All of the following are true statements, so it is interesting to ask yourself which ones are most meaningful to you:
- It is a funeral service for our former self and a celebration of our spiritual resurrection in Jesus Christ. (Romans 6)
- It is an act of obedience to Jesus’ commands.
- It is a ceremony that marks the fact that we have joined the Universal Church.
- It washes away our sins. (Acts 22:16)
- It is a ceremony that reenacts the way that Jesus washes away our sins. (To me this is just a wordy way of agreeing with Acts 22:16.)
The ancient church considered baptism an essential act of faith, because Jesus commanded it in Matthew 28:19. It seems to me that whoever claims to be a servant of Jesus and then immediately disobeys a simple commandment has at best stumbled over the threshold of faith.
The ancient church considered baptism to be a once-in-a-lifetime event. Just as the Hebrews only passed through the sea once, Christians are traditionally baptized only once in a lifetime. Many modern churches refuse to rebaptize people who were baptized in other churches.

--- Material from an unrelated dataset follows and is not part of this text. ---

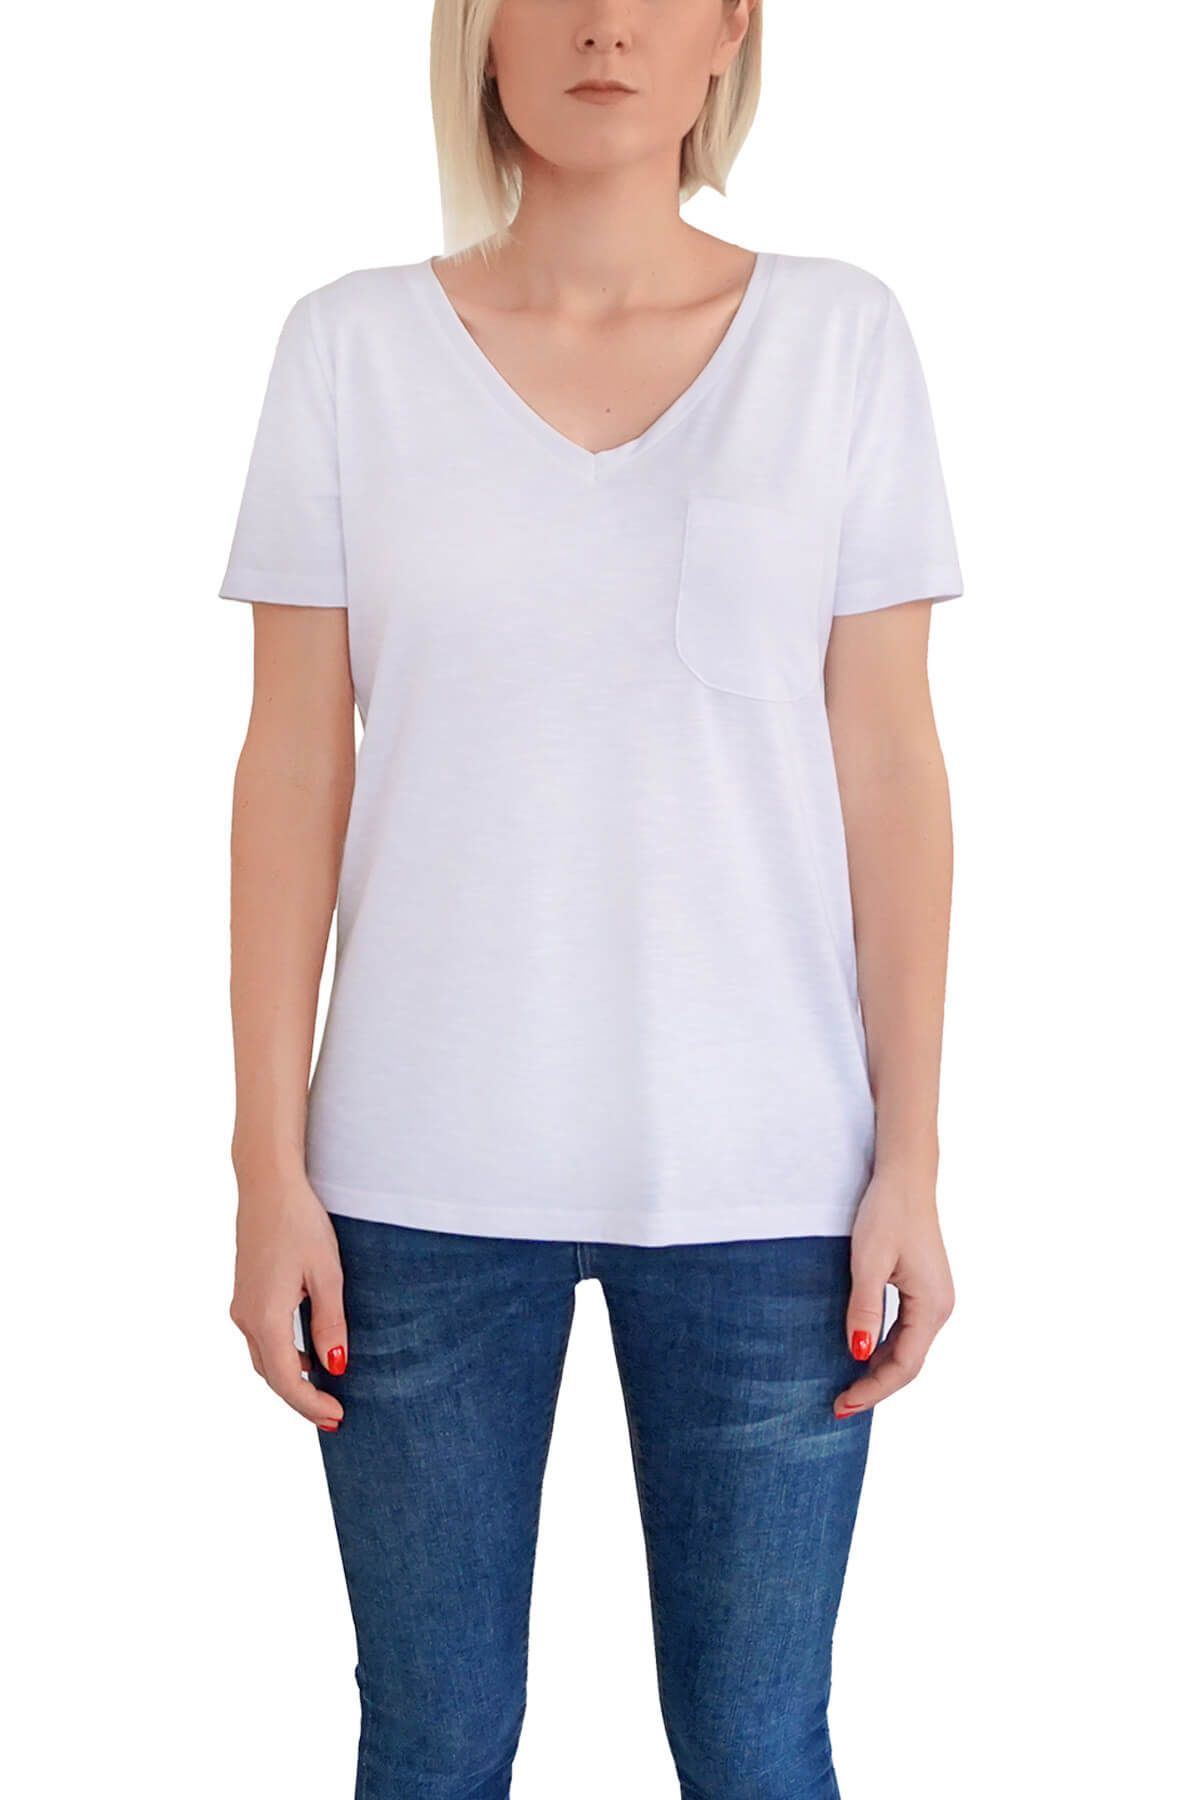 Mof Basics Kadın Beyaz T-Shirt VYCT-B

For example, if you join the Episcopal Church of the USA and you are not sure if you were validly baptized, they perform a baptismal ceremony for you, but the priest says, “If you are not already baptized, I baptize you…” So historically, baptism is not repeatable.

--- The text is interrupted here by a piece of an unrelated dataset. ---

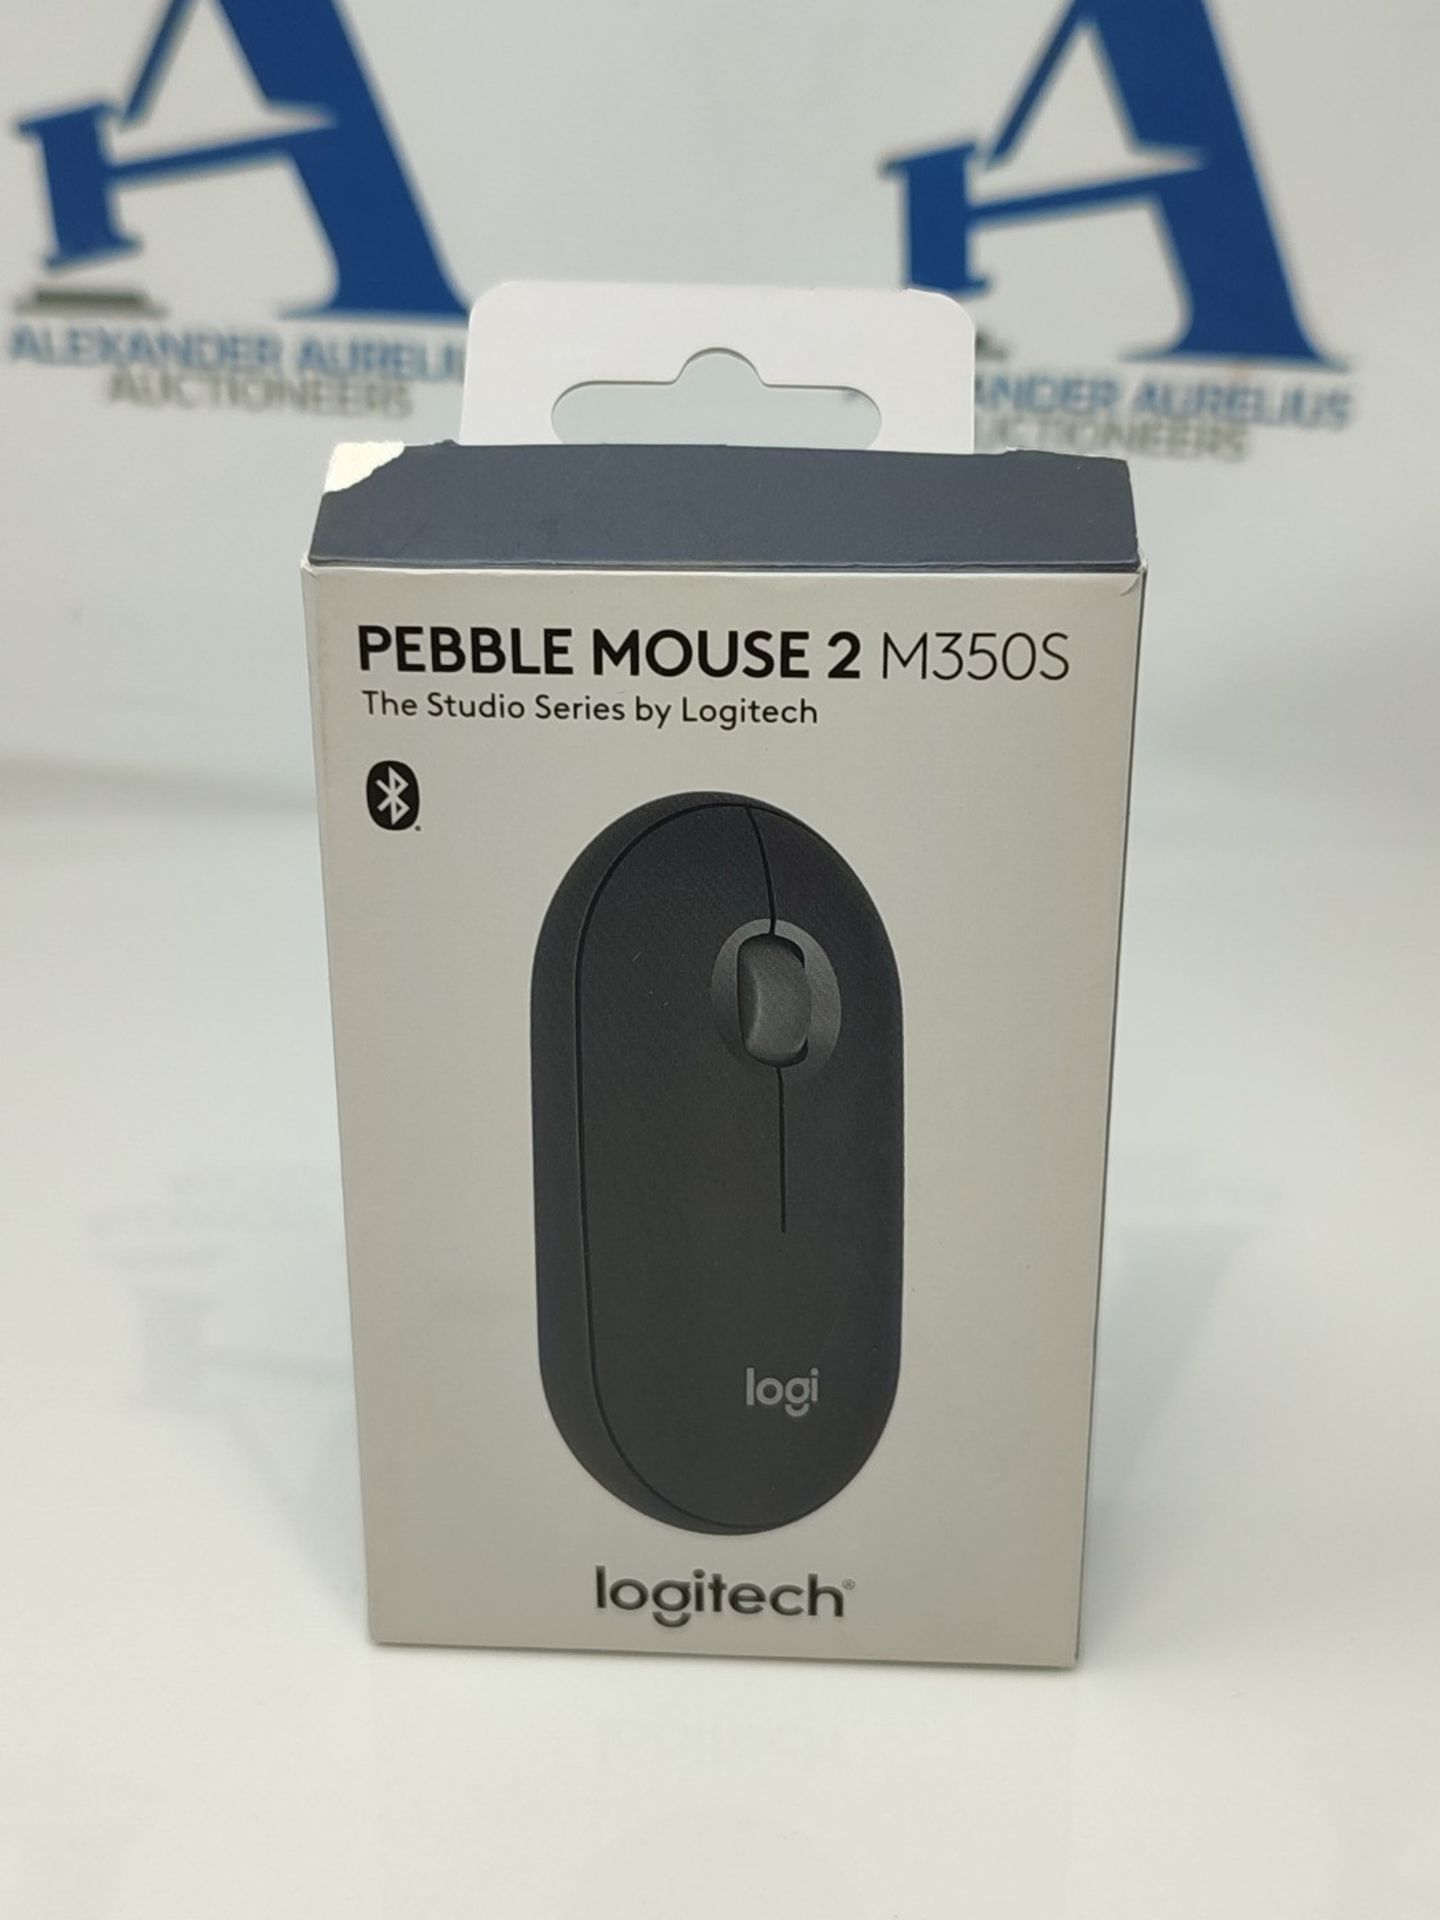 Logitech Pebble Mouse 2 M350s is a wireless Bluetooth mouse that is slim, portable, li

The baptismal ceremony consist of two parts: the promises we make to God, and the promise that God makes to us. Some people feel they have wandered away from the faith so badly that they need to be baptized all over again. God always keeps His promises, so there is no need to go under the water again. We, however, do not always keep our promises, so we can repeat the baptismal vows as often as we need to.